Мацуока Митимори даже не старался скрыть своего недовольства, которое было написано у него на лице. Он окинул комнату таким отсутствующим взглядом, что, казалось, не видит никого из присутствующих.
— Говорят, у Уэхары чахотка? — вдруг резким, напоминающим свист выхваченного меча голосом спросил он.
Фумиэ и Уэхара испуганно переглянулись. У жителей захолустий, каким был и их остров, больные туберкулёзом вызывают отвращение. Тон Мацуока Митимори не оставлял сомнений в том, что он испытывает такое же чувство к Уэхаре.
— Разве допустимо, чтобы в тесной комнате вместе с чахоточным жило столько людей!
У Фумиэ язык прилип к гортани. Она бросила успокаивающий взгляд на Уэхару и чуточку подвинулась к нему, словно желая защитить его своим телом. Она боялась, как бы у мужа не подскочила температура. Уэхаре трудно было сидеть, но он всё-таки держался, собрав последние силы и сжав колени трясущимися руками.
Мацуоке с самого начала Уахара Ёсихоро пришелся не по душе. Поэтому и в дальнейшем, когда Уэхара стал мужем Фумиэ, тесть и зять не могли поладить. Мацуока считал Уэхару неподходящей парой для своей дочери, так как тот был сыном рыбака — и даже не старшим, а вторым.

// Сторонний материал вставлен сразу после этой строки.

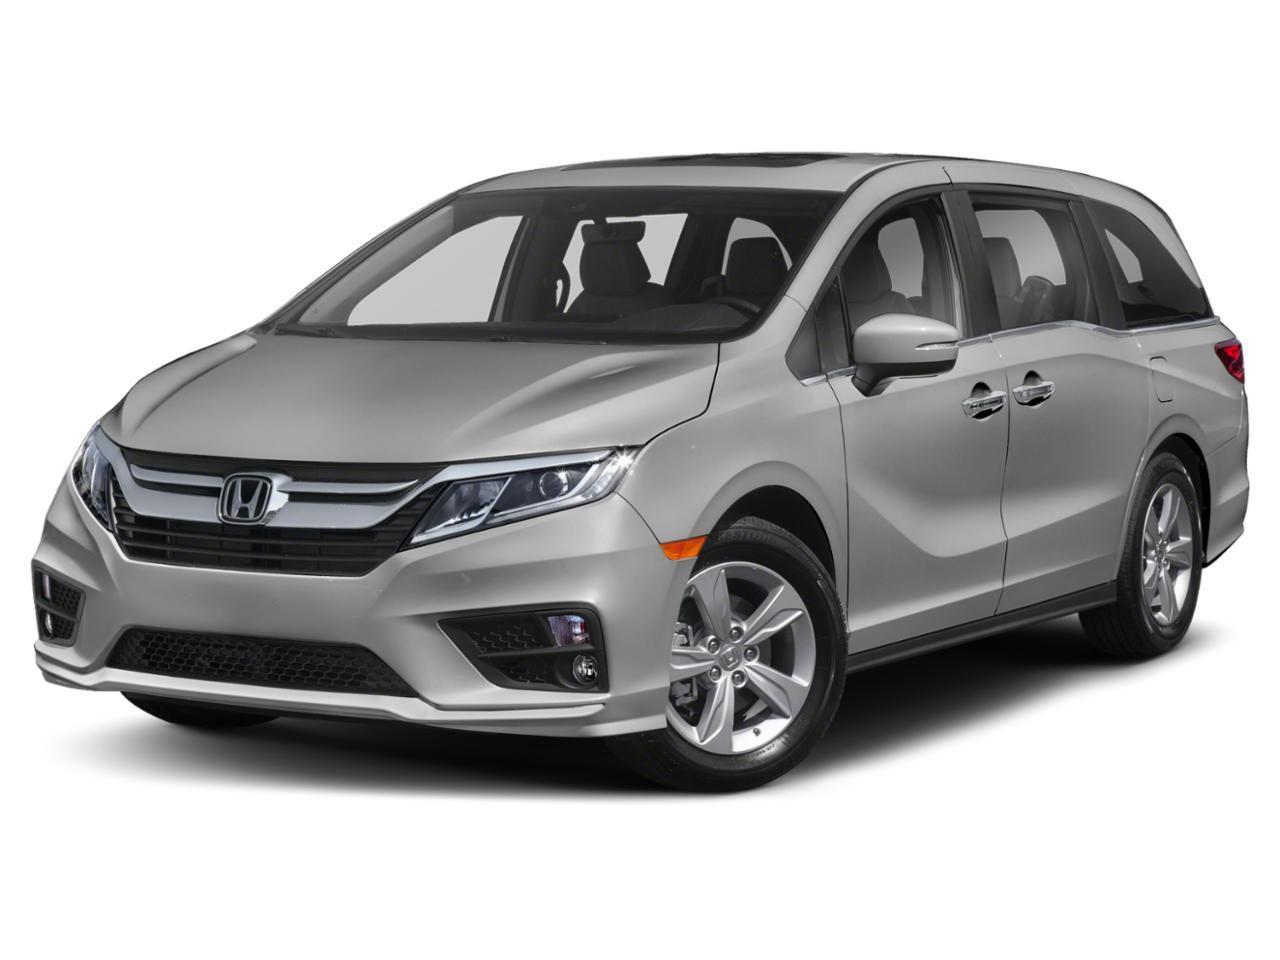 2019 Honda Odyssey Vehicle Photo in San Antonio, TX 78238

Учителем Уэхара стал лишь потому, что работал и учился одновременно. Экзамены за высшее начальное училище сдавал экстерном. Он прекрасно знал, какая судьба ждёт младших сыновей жителей островов Амами — они вынуждены в конце концов уезжать на заработки из родных мест. Поэтому он, устроившись в контору на фабрику осимской чесучи в Надзэ, продолжал самостоятельно учиться. Мацуоке, происходившему из семьи потомственного помещика, не нравилось, что его зять не получил регулярного школьного образования, и относился к нему с нескрываемым презрением. А послевоенная общественная деятельность Уэхары ещё больше настроила против него тестя.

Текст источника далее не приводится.